Please give every line below again exactly, but not its pictures.

## Data shown
++++++++++++++++++++

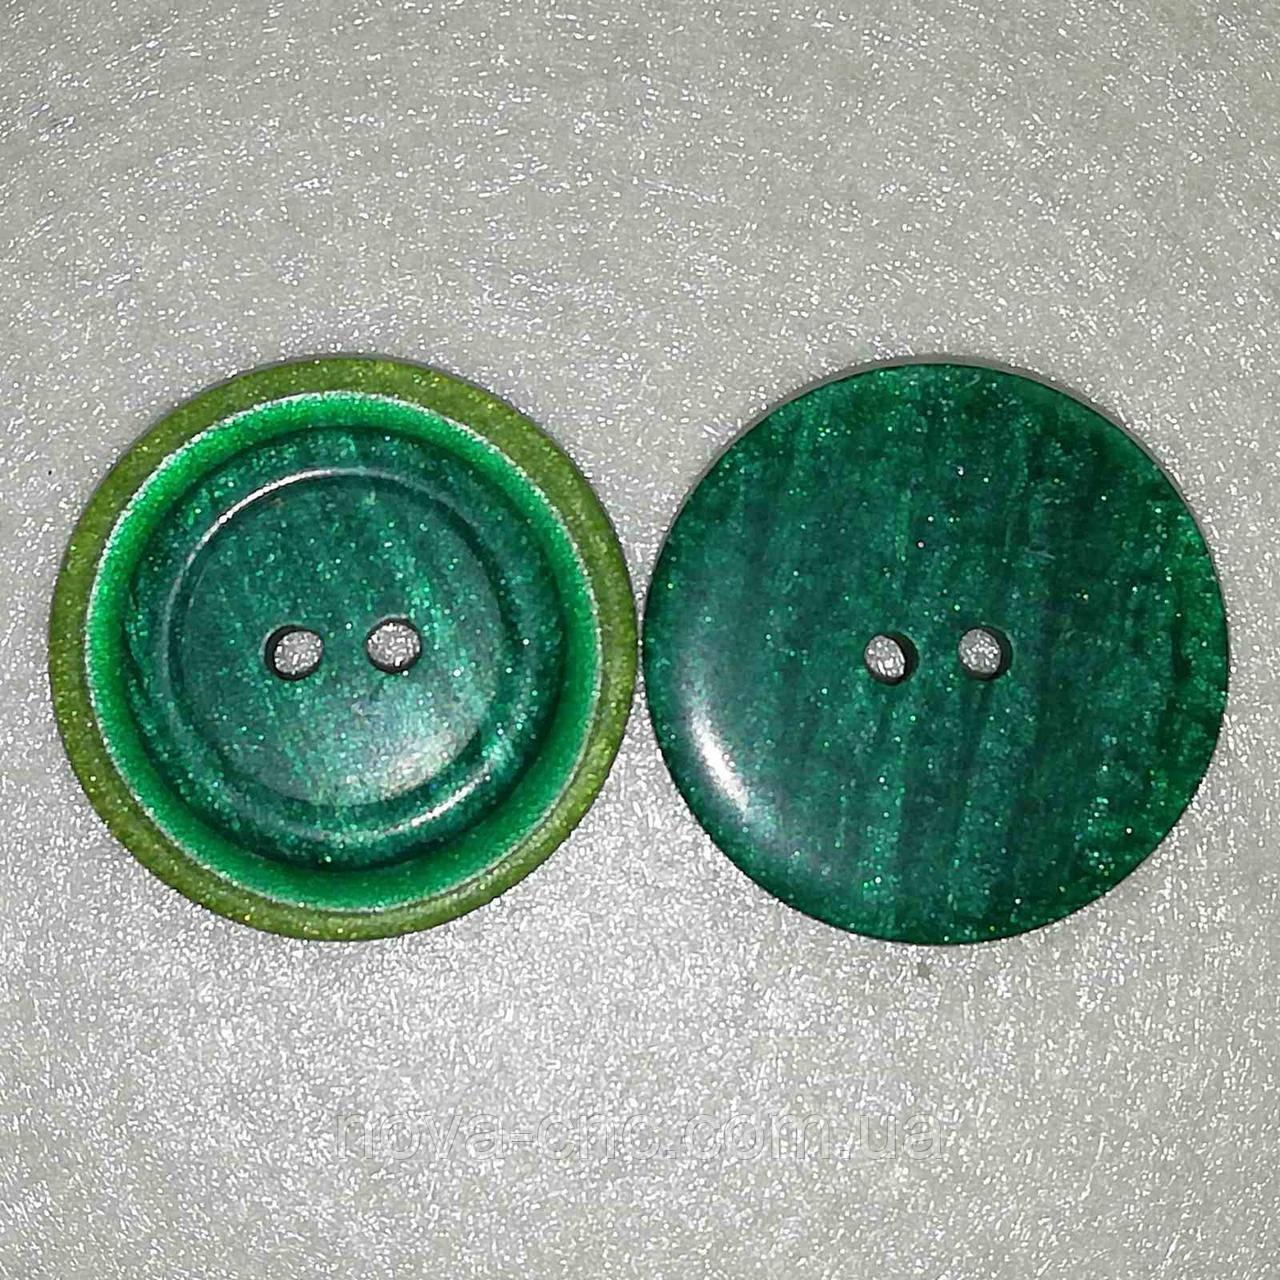 Пуговица пластмассовая 28 мм Цвет зеленый Упаковка 500 штук
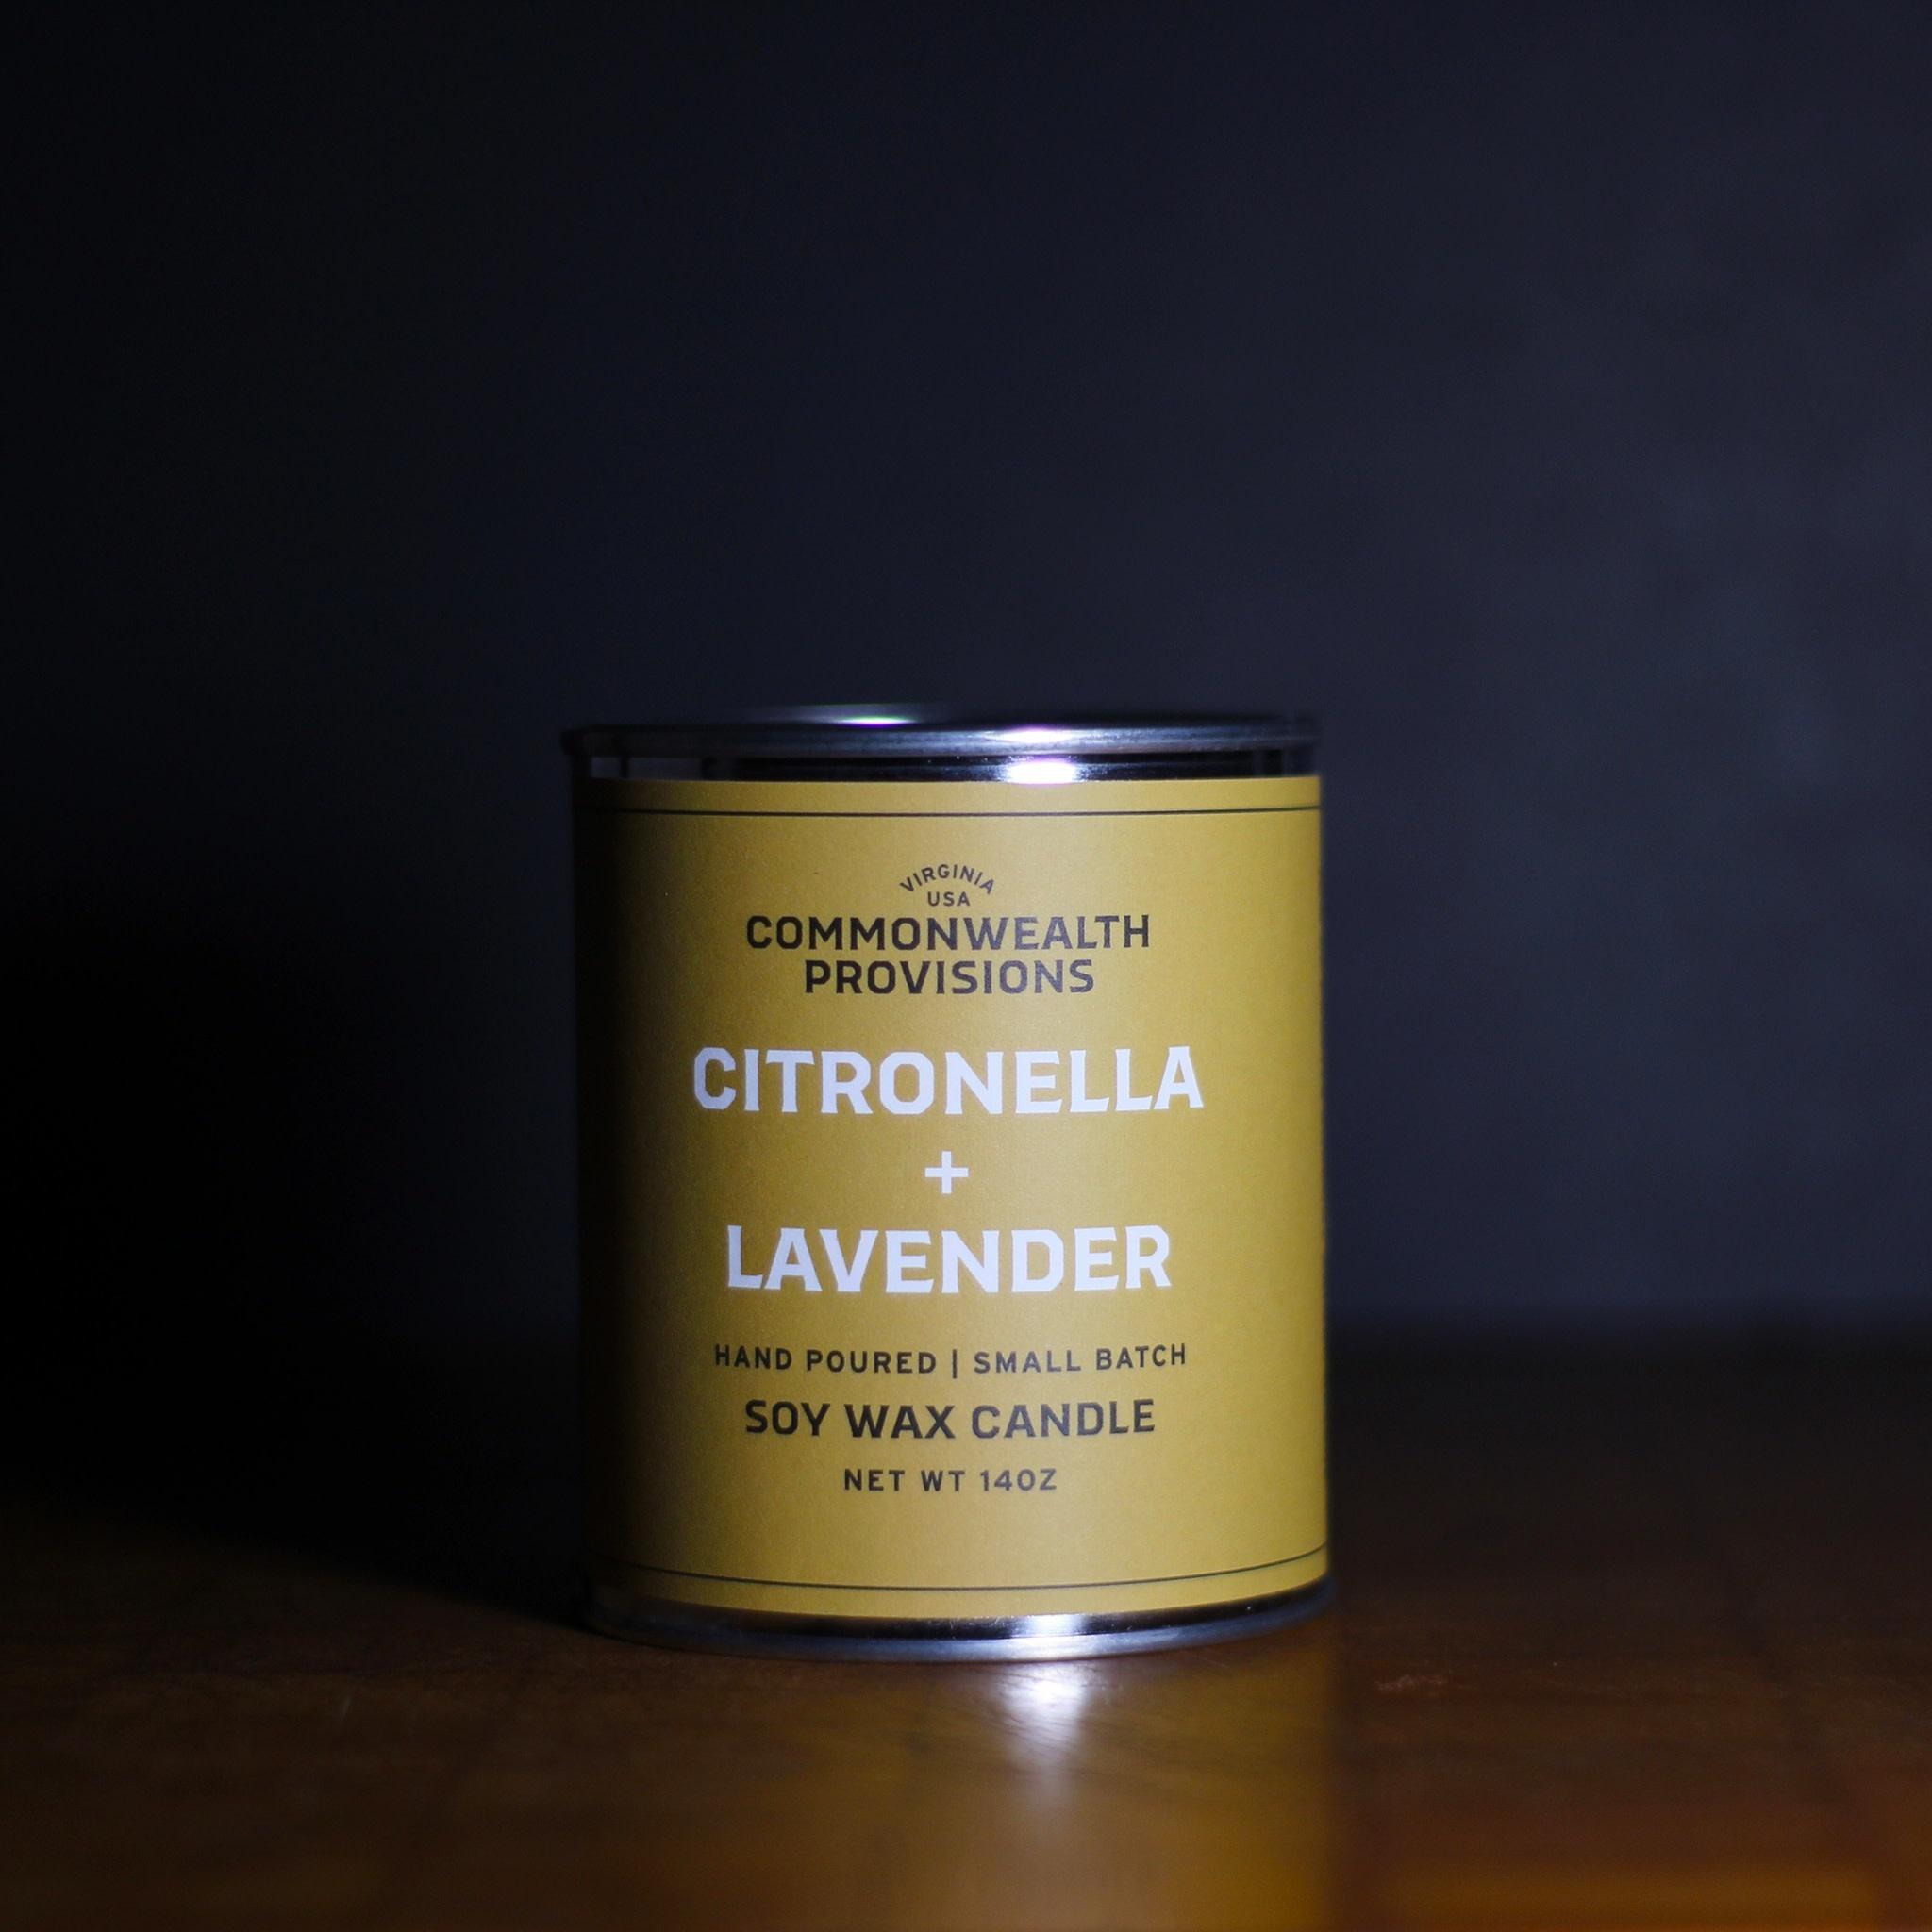 Commonwealth Provisions Citronella & Lavender Candle
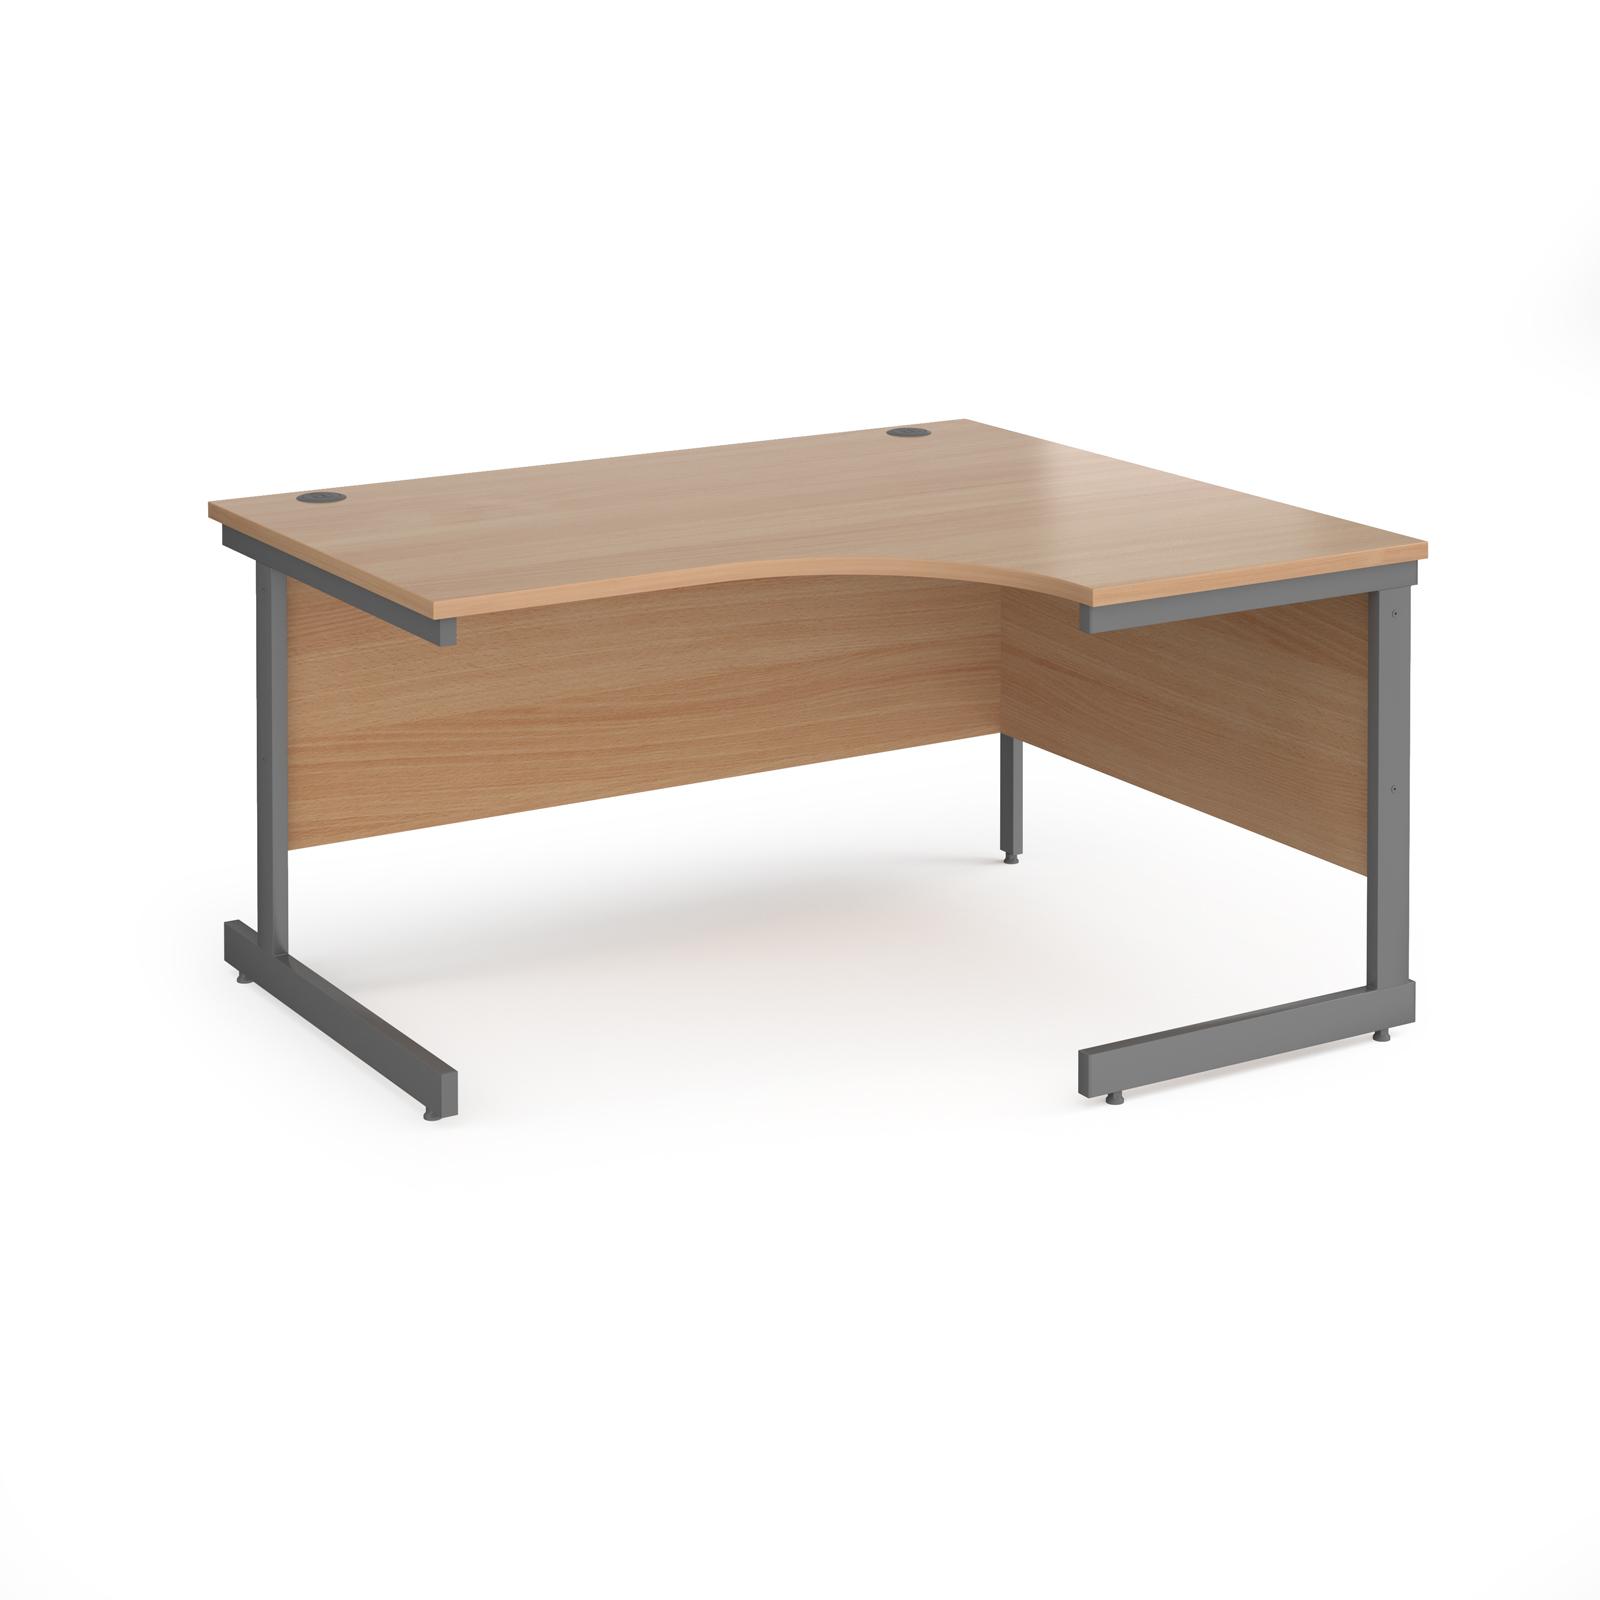 Curved Desks Contract 25 cantilever leg RH ergonomic desk

++++++++++++++++++++

## Written response
 Пуговица пластмассовая 28 мм Цвет зеленый Упаковка 500 штук
 Commonwealth Provisions Citronella & Lavender Candle
 Curved Desks Contract 25 cantilever leg RH ergonomic desk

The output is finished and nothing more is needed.